A phishing email typically:

  1. Claims to be from someone you trust (bank, company, vendor)
  2. Requests immediate action ("Verify," "Reset," "Pay")
  3. Provides a link or attachment
  4. Targets credentials or device access

Sender Red Flags

🚩 Generic greeting ("Dear User" vs your name)
🚩 Suspicious email address (acmecorp@gmail.com vs acme.com)
🚩 Unusual display name ("IT Security" vs a real person)
🚩 Domain variation (acme-corp.com vs acmecorp.com)

Content Red Flags

🚩 Extreme urgency ("Immediately," "24-hour deadline")
🚩 Vague threat ("Compromised" with no details)
🚩 Requests for credentials
🚩 Poor grammar or formatting

Process Red Flags

  • Email asks to click a link to reset password → Real systems ask you to log in directly
  • Email asks to "verify" your account → Real systems prompt you inside the app
  • Email requests payment → Real invoices come through procurement
  • Email has suspicious attachment → Exe files, zip archives with odd names

The Trick

The most sophisticated phishing uses legitimate business context.

  • Real project names
  • Actual manager names
  • Known vendor names
  • Familiar business processes (invoicing, benefits, passwords)

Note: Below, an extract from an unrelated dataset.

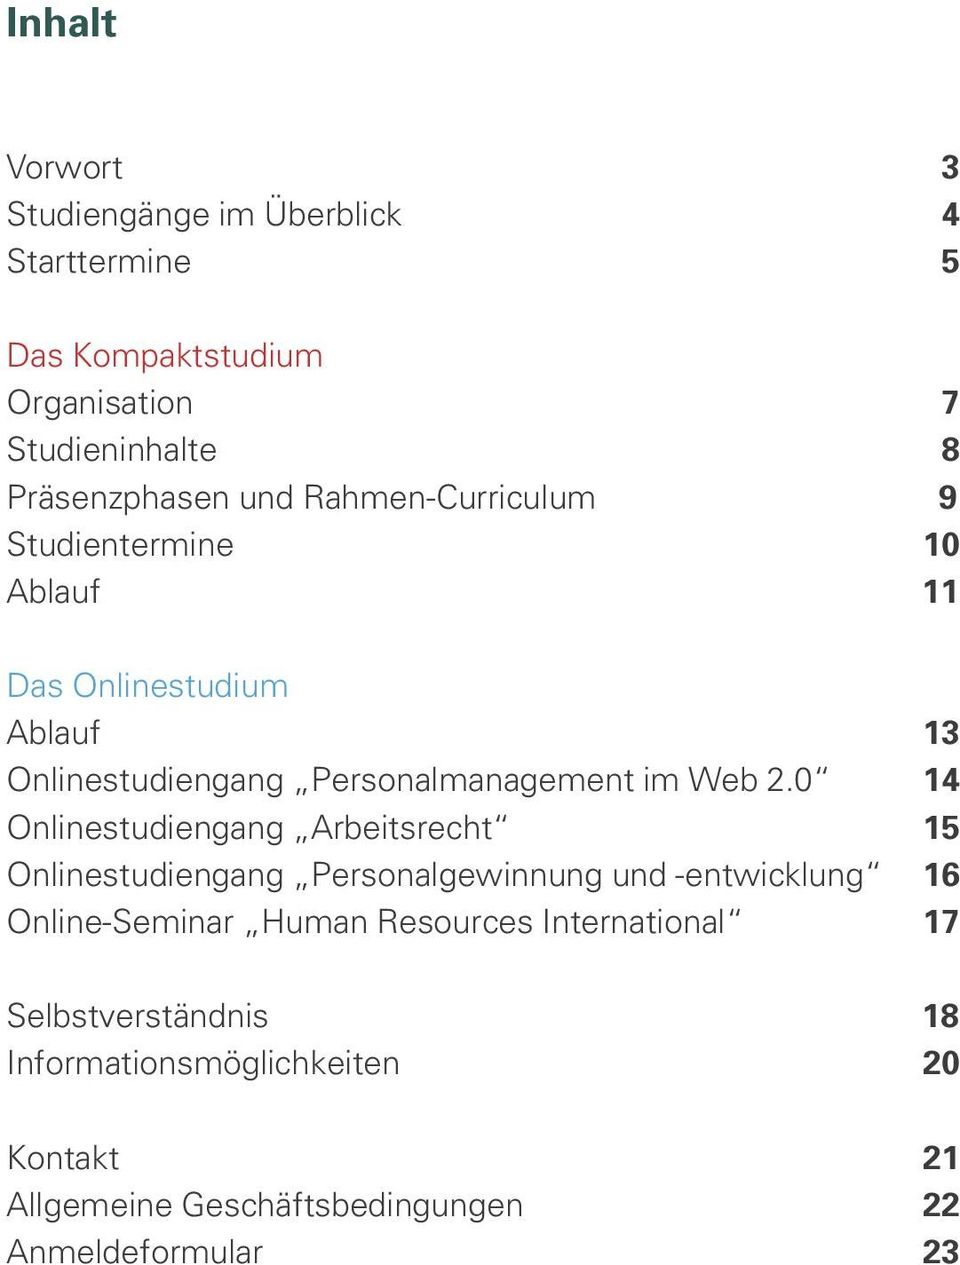 0 14 Onlinestudiengang Arbeitsrecht 15 Onlinestudiengang Personalgewinnung und -entwicklung 16 Online-Seminar Human

This is why phishing is so effective — it exploits normal business operations.

⚔️ Your Defense Arsenal

The Golden Rule

When an email asks you to take action, go directly to the system instead of clicking the email link.

Before You Click

  • Read the sender address (not just display name)
  • Hover over the link to see where it actually goes
  • Ask yourself: "Is this how they normally contact me?"
  • When in doubt: Go to the company directly (website, phone)

Examples of Direct Access

  • Password reset email? → Go directly to your email/portal login
  • Invoice email? → Go directly to your AP system
  • Calendar invite? → Check your calendar directly
  • MFA verification? → Log into the app directly

Verify, Verify, Verify

For unusual requests:

  • Don't use contact info from the email
  • Call the person using a known phone number
  • Ask your manager if you're unsure
  • Use official websites (not email-provided URLs)

Report Suspicious Emails

  • Report to {{reportingEmail}}
  • Don't click (if you haven't already)
  • Don't forward to friends to warn them
  • Let security handle the investigation

🔄 Building Lasting Awareness

What Research Shows

📉 One-time training is largely forgotten in 2–3 weeks
📈 Repeated exposure improves recognition by 30–50%
💪 Practice over time builds automatic skepticism

Your Role

Phishing simulations are training. Each one is a chance to practice:

  • ✅ Pausing before clicking
  • ✅ Checking sender addresses
  • ✅ Recognizing red flags
  • ✅ Verifying unusual requests

Going Forward

  • Expect phishing simulations — they're training, not gotcha moments
  • Use them as practice
  • When you spot real phishing, report it
  • Build skepticism without paranoia

🎯 3 Things to Remember

1. Phishing exploits human nature.

If you clicked, you're in good company — most people do under pressure.

2. Red flags are learnable.

With practice, spotting phishing becomes automatic.

3. Reporting is a superpower.

Every report protects your team and your organization.